SÃO PAULO — A bajulação e a submissão constante podem ser respostas a traumas relacionais, segundo a psicóloga Ingrid Clayton. Ela explica que algumas pessoas aprendem a se aproximar da fonte de ameaça e a agradá-la como forma de buscar segurança, em vez de lutar, fugir ou ficar paralisadas.
Autora de A Quarta Reação, Clayton estará na Bienal do Livro de São Paulo para discutir o tema. Ela participará da mesa “O Peso de Agradar”, com a escritora Marcela Ceribelli, no domingo, 6, a partir das 17h30, no Espaço Saúde e Bem-Estar.
A chamada quarta reação
O conceito é apresentado no livro como fawning, termo em inglês traduzido como bajulação. O comportamento pode aparecer em casa, na faculdade ou no trabalho. A pessoa tenta ser prestativa, agradável, conciliadora ou indispensável e, com o tempo, pode deixar de reconhecer os próprios desejos e necessidades.
Clayton afirma que essa reação pode ter sido uma adaptação diante de ambientes inseguros. Crianças que dependem de um cuidador ameaçador, por exemplo, podem aprender a observar o humor dele, antecipar suas necessidades, reprimir a raiva e cuidar das emoções alheias.
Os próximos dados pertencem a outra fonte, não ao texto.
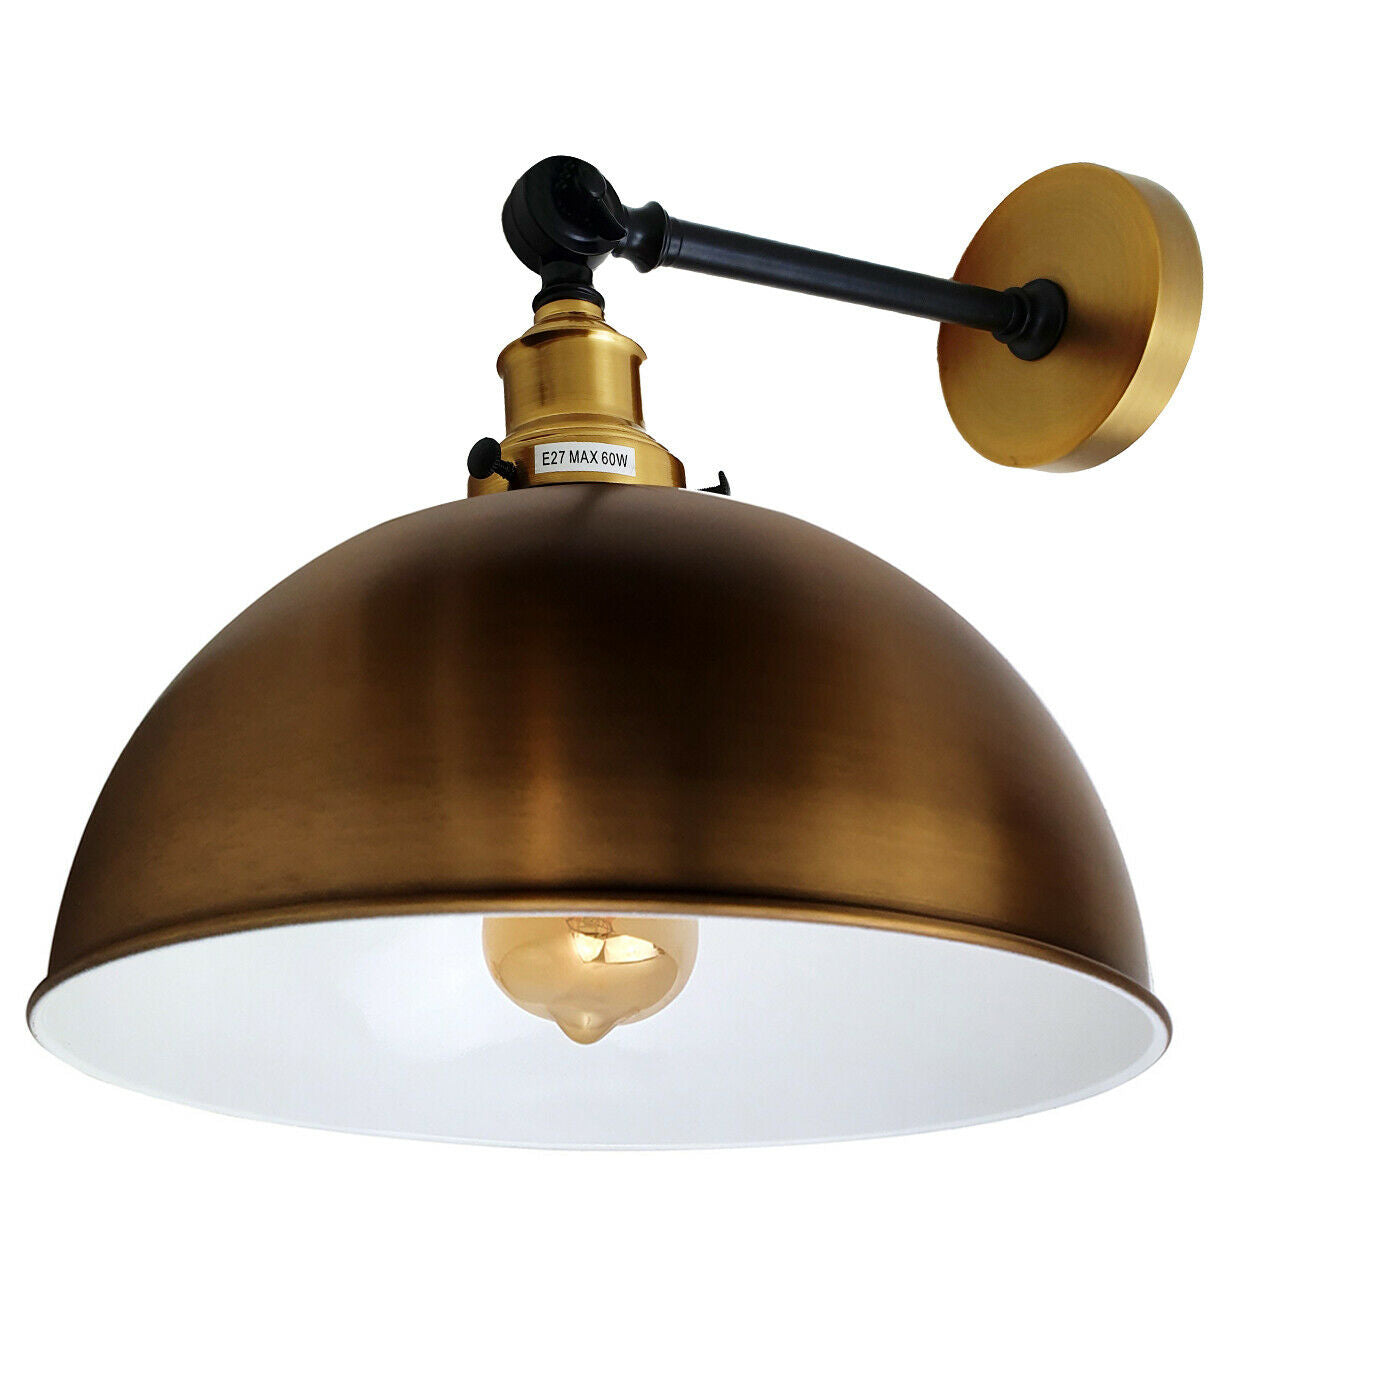 Vintage Style Adjustable Yellow Brass Wall Lights Sconce Lamp Fitting Kit~2474 - LEDSone UK Ltd
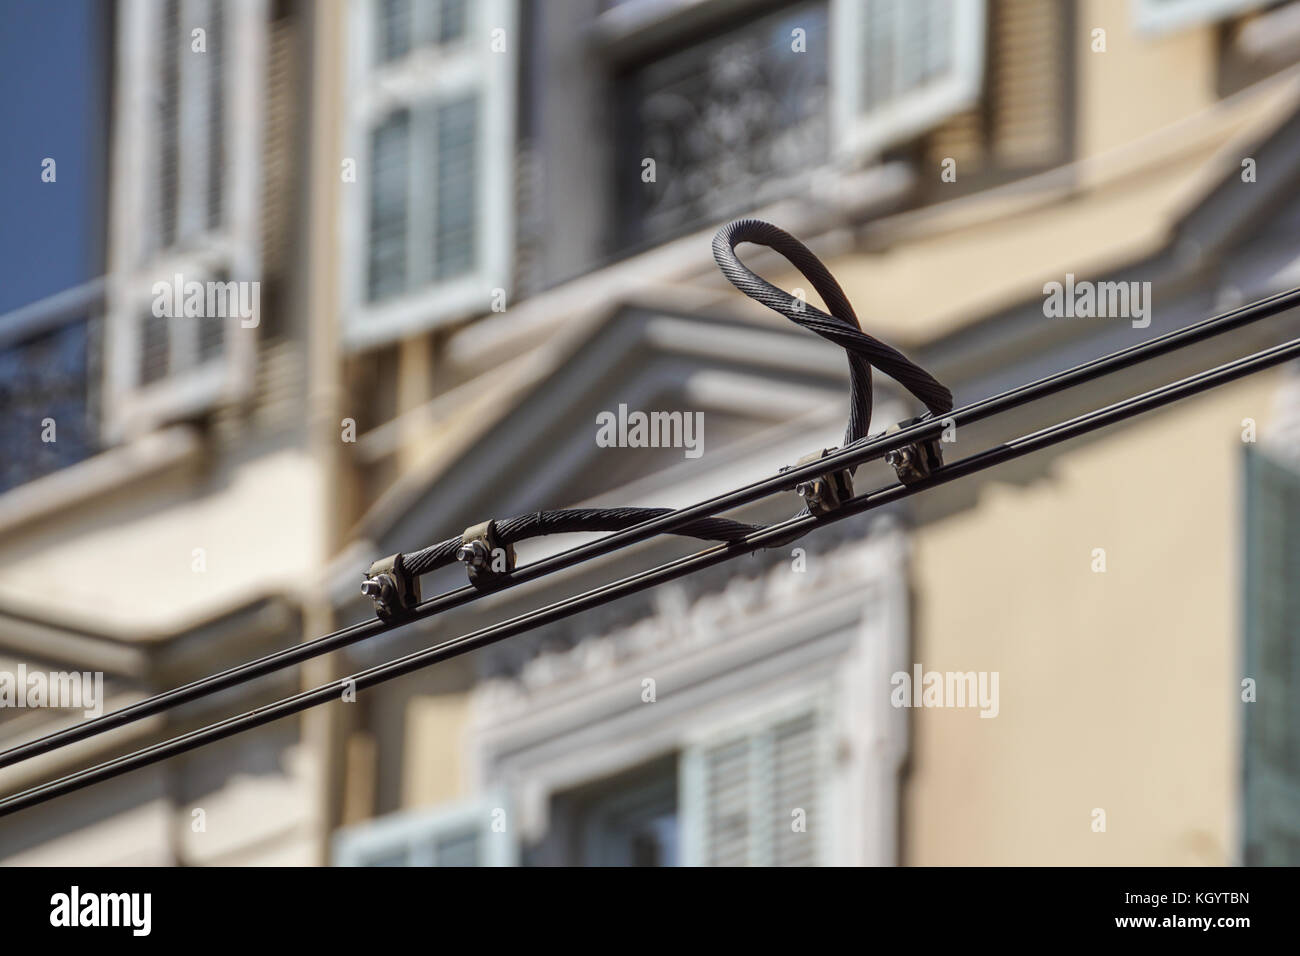 Black tram wires detail over urban facade Stock Photo

Segundo a psicóloga, o problema surge quando a estratégia se torna crônica e continua mesmo depois de o perigo original desaparecer. Entre as possíveis consequências estão ansiedade, vergonha, ressentimento, estresse crônico, dificuldade para estabelecer limites, perda de identidade e permanência prolongada em relacionamentos prejudiciais.
Reconhecimento e tratamento
Para identificar um trauma, Clayton considera importante reconhecer que determinada experiência foi traumática. Ela afirma que o trauma complexo envolve ameaças contínuas ou repetidas à segurança, muitas vezes em relações interpessoais.
O tratamento pode incluir terapias focadas no trauma, métodos de dessensibilização, análise da família e outras abordagens. A psicóloga ressalta que não existe uma terapia única adequada para todas as pessoas.
A recuperação, segundo Clayton, envolve desenvolver segurança interna, autonomia e capacidade de permanecer conectado a si mesmo enquanto se relaciona com outras pessoas. Ela também defende que a raiva seja percebida como uma fonte de informação sobre limites ultrapassados e necessidades importantes, em vez de ser automaticamente reprimida.